Overview

Emerging high performance computing (HPC) systems are expected to be deployed with an unprecedented level of complexity, due to a very deep system memory/storage hierarchy. This hierarchy is expected to range from CPU cache through several levels of volatile memory to non-volatile memory, traditional hard disks, and tape. Simple and efficient methods of data management and movement through this hierarchy is critical for scientific applications using exascale systems. Existing storage system and I/O (SSIO) technologies face severe challenges in dealing with these requirements. POSIX and MPI I/O standards that are the basis for existing I/O libraries and parallel file systems present fundamental challenges in the areas of scalable metadata operations, semantics-based data movement performance tuning, asynchronous operation, and support for scalable consistency of distributed operations.

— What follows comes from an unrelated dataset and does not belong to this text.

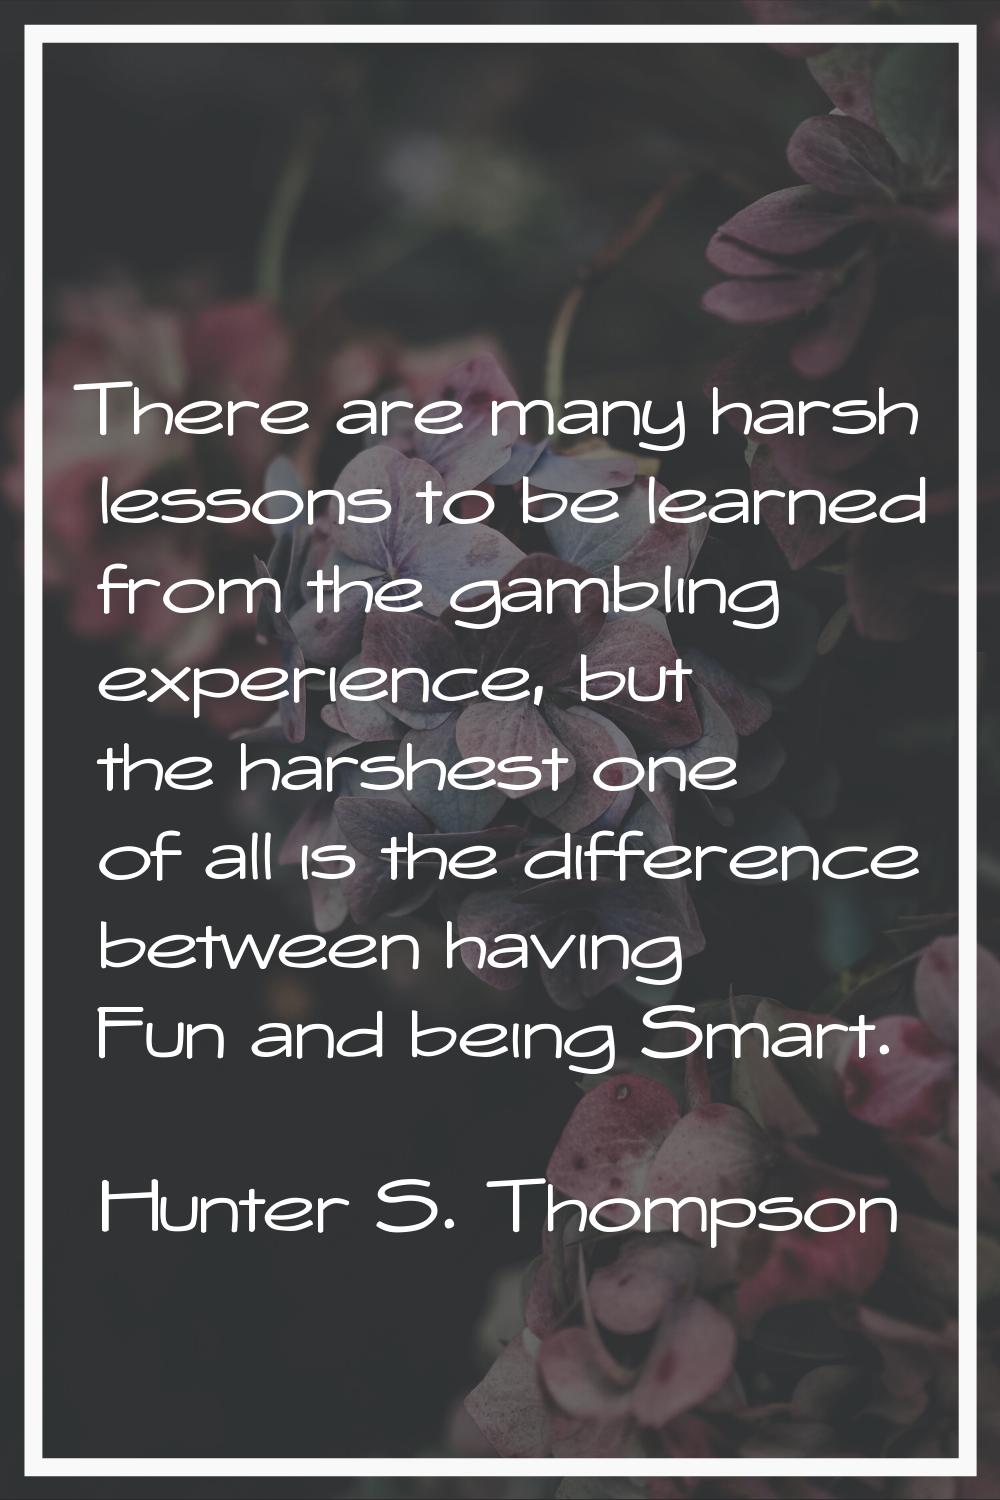 There are many harsh lessons to be learned from the gambling experience, but the harshest one of al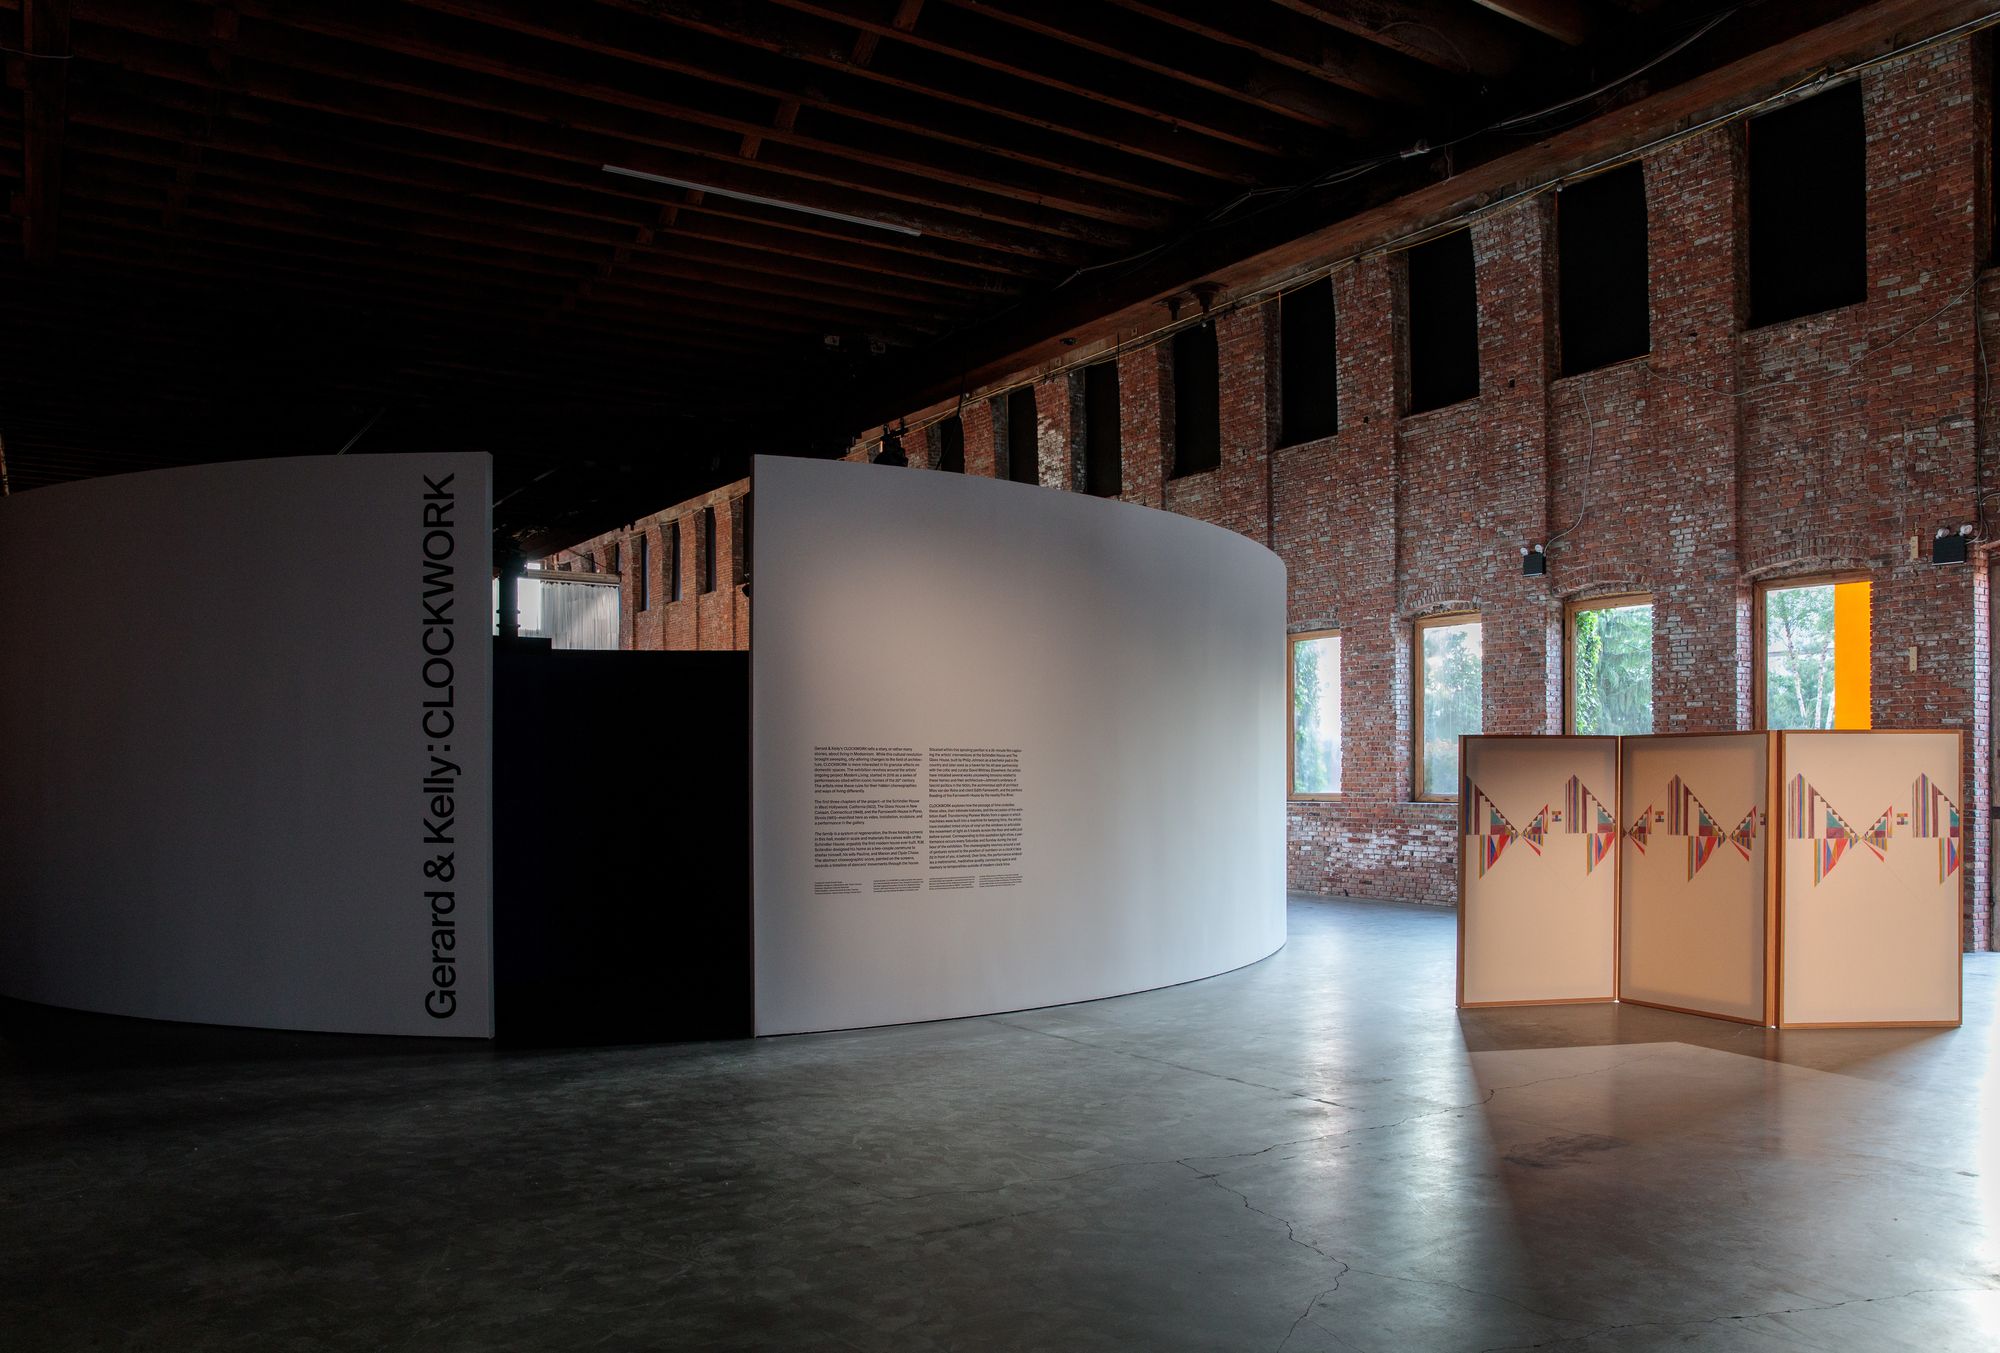 An installation view of the entrance of CLOCKWORK, featuring the entrance to the round-walled video room to the left, and a human-sized folding screen painted in pastels to the right.

Moving toward new paradigms for SSIO in the extreme-scale era, we propose to investigate novel object- based data abstractions and storage mechanisms that take advantage of the deep storage hierarchy and enable proactive automated performance tuning. In order to achieve these overarching goals, we propose a fundamental new data abstraction, called Proactive Data Containers (PDC). A PDC is a container within a locus of storage (memory, NVRAM, disk, etc.) that stores science data in an object-oriented manner. Managing data as objects enables powerful optimization opportunities for data movement and transformations. In this project, we will research: 1) formulation of object-oriented PDCs and their mapping in different levels of the exascale storage hierarchy; 2) efficient strategies for moving data in deep storage hierarchies using PDCs; 3) techniques for transforming and reorganizing data based on application requirements; and 4) novel analysis paradigms for enabling data transformations and user-defined analysis on data in PDCs. The intent of our research is to move the field of HPC SSIO in a direction where it may ultimately be possible to develop scientific applications without the need to perform cumbersome and inefficient tuning to optimize data movement on every system the application runs on.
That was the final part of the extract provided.